Ao longo do terceiro trimestre, a Iguatemi seguiu diligente com a alocação de capital eficiente para o contínuo aprimoramento de seu portfólio. Em 10 de setembro, foi concluído o desinvestimento total do Iguatemi São Carlos (com a saída da administração do empreendimento em 30 de novembro) e a venda de 18% do Iguatemi Alphaville, movimentos que impactaram positivamente o caixa da Companhia em R$ 111,5 milhões (54,4% do valor) e geraram um ganho de capital no EBITDA de R$ 119,5 milhões. Ainda, foi concluída a aquisição de 16,6% do RioSul Shopping Center, em 17 de setembro, com início da administração do empreendimento desde 1º de novembro. A compra foi feita através da aquisição de certificados de recebíveis imobiliários (CRI’s) da vendedora por R$252 milhões, que representa 70% do investimento.

Como parte do processo de gerenciamento do seu passivo (liability management), no final de setembro a Companhia concluiu a 13ª emissão de debêntures no valor total de R$ 300 milhões com taxa de CDI+0,45% a.a., com o objetivo de alongar o prazo médio e reduzir o custo da dívida. A nova captação permitiu o pré-pagamento da 11ª emissão de R$264 milhões, que gerou um ganho real na operação de R$ 2,9 milhões, além de aumentar em 0,8 anos o prazo médio e reduzir em 0,1p.p. o custo da dívida da empresa.

Na mesma linha, o 3T24 também foi marcado pela realização de eventos e ações exclusivas, com iniciativas como Food Spot, Pátio Gourmet e Cine Open Air, proporcionando experiências diferenciadas para atrair o público. Como evento subsequente, vale destacar a 8ª edição do Iguatemi Talks Fashion em outubro, que durante dois dias reuniu um time de palestrantes renomados para falar sobre moda, design, sustentabilidade, diversidade, negócios, wellness, inovação e criatividade no JK Iguatemi.
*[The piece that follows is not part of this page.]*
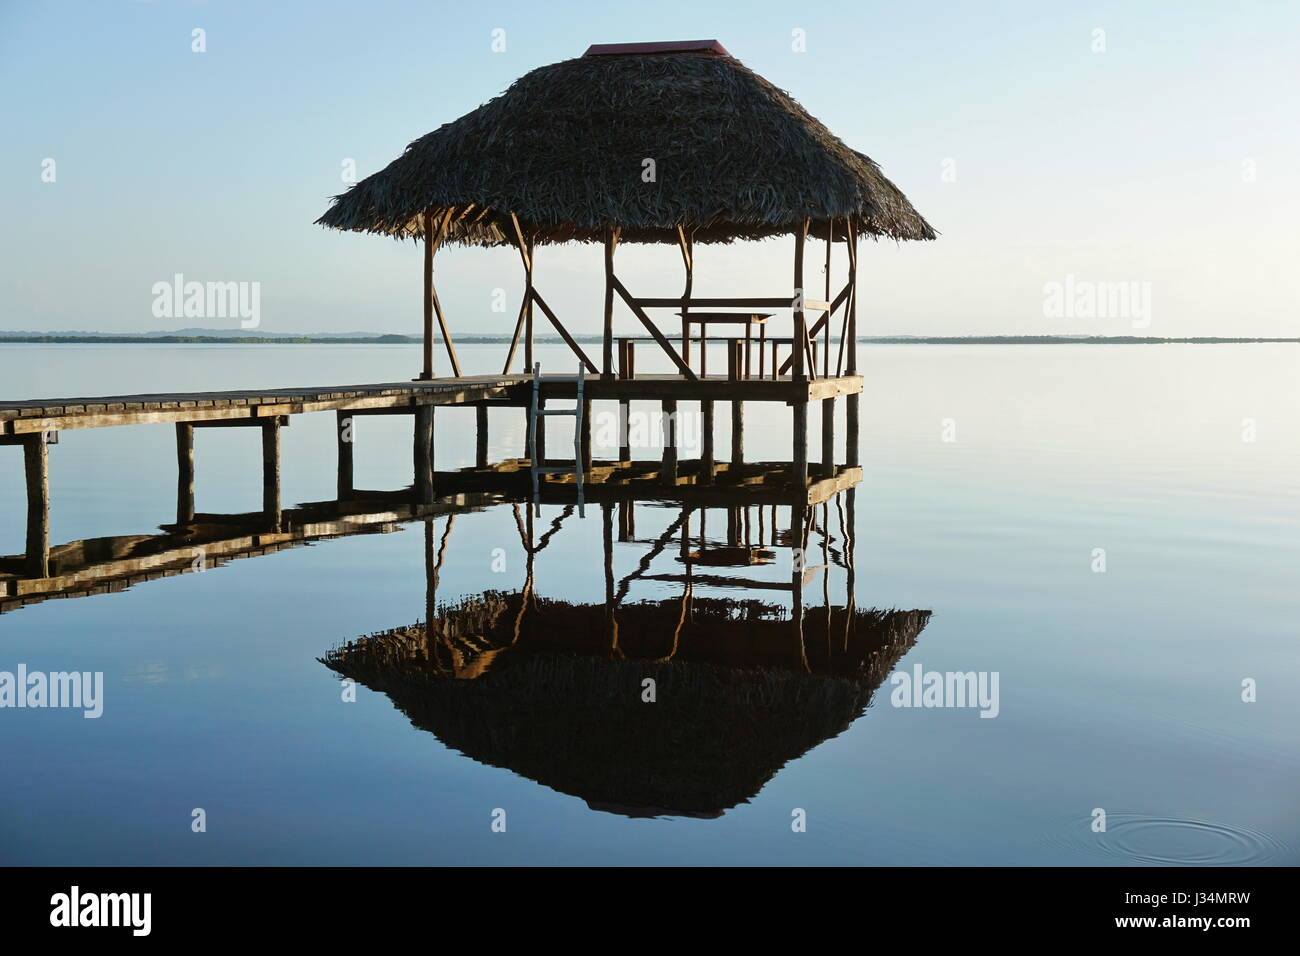 Strohgedeckte Hütte Overwater und seine Reflexion auf ein ruhiges Wasser Oberfläche, Sonnenaufgang Licht, natürliche Szene, Karibik, Panama, Mittelamerika Stockfoto
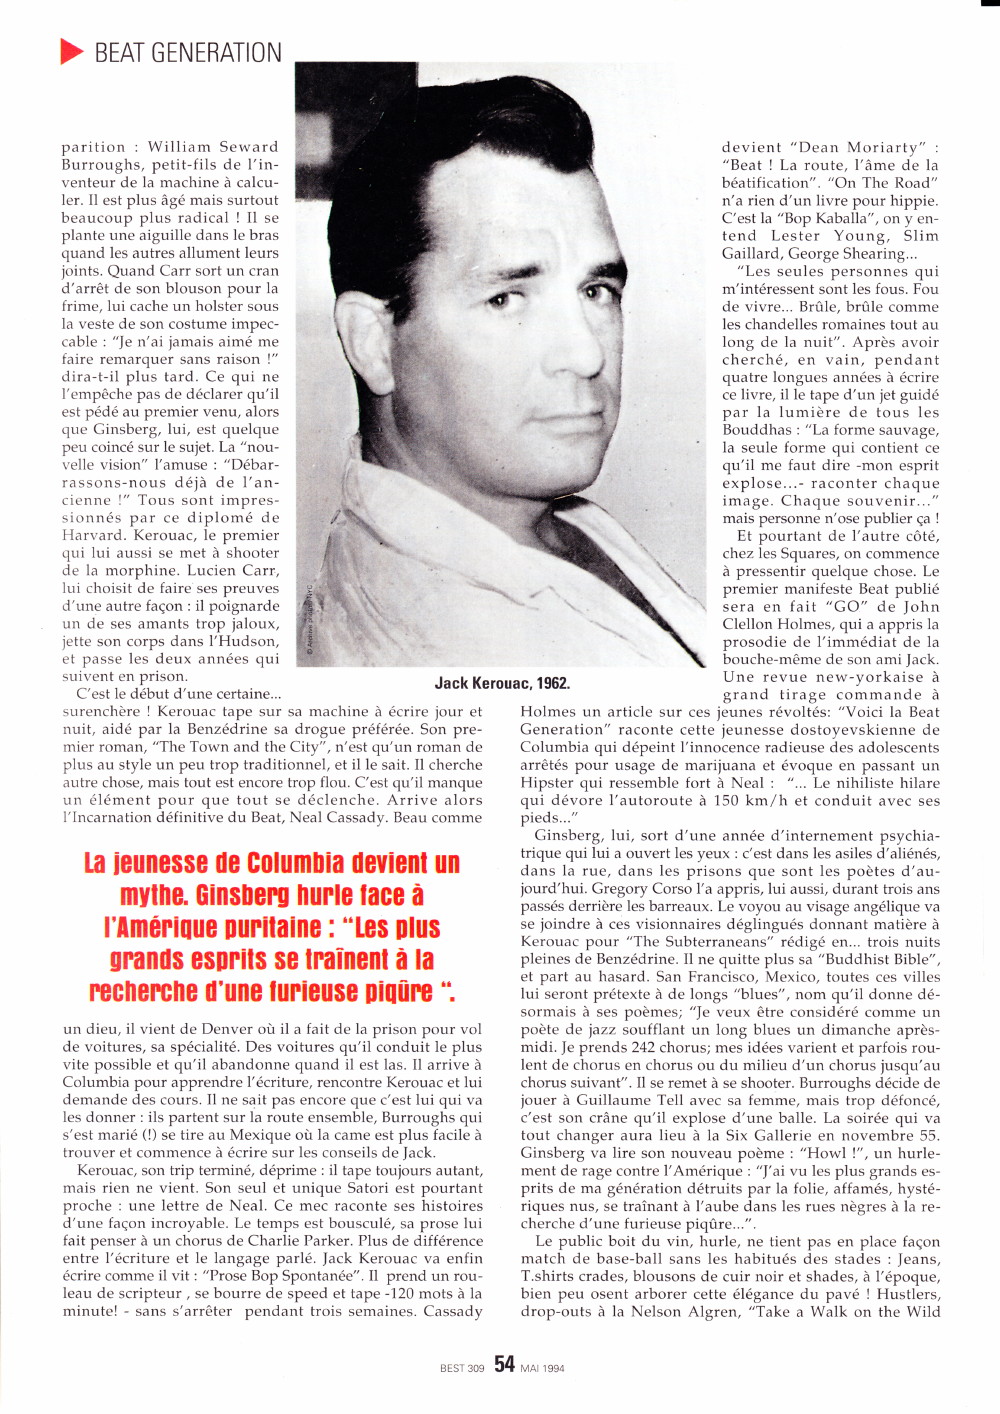 "LA RAGE AU VENTRE DES GARÇONS SAUVAGES" par DANIEL DARC ("BEST", mai 1994) 13071311435515789311379144

Ainda, no início de outubro, foi feito o lançamento comercial da expansão do  Iguatemi Brasília, qe terá sua área bruta locável ampliada com a adição de 15,5 mil metros quadrados ao empreendimento, quase 50% a mais em ABL. A expansão abrirá espaço para a chegada de 90 novas lojas, cinco restaurantes, quatro cafés, um salão de cabeleireiro e Alameda Wellness e uma área exclusiva de eventos. O empreendimento é porta de entrada para grandes marcas nacionais e internacionais e se consolidou como o principal polo de consumo de moda, luxo, gastronomia, entretenimento e lazer da região centro-oeste

A companhia chega ao final de 2024 confiante e com boas expectativas para o último trimestre do ano, período tradicionalmente forte para negócio com importantes datas do calendário do varejo como o Dia das Crianças, a Black Friday e o Natal. “Fechamos os nove meses de 2024 em linha com nosso guidance de resultado, atingindo um crescimento de 5,7% na receita líquida de shoppings, com margem EBITDA de 81,3%. No consolidado, entregamos uma margem EBITDA total 74,9% e CAPEX de R$ 189,0 milhões. Seguiremos na busca pela otimização de nossos empreendimentos, com foco no aumento de rentabilidade e geração de caixa, por meio da contínua qualificação de nosso mix, preenchimento de áreas vagas e criação de uma experiência de consumo diferenciada”, finaliza Guido Oliveira.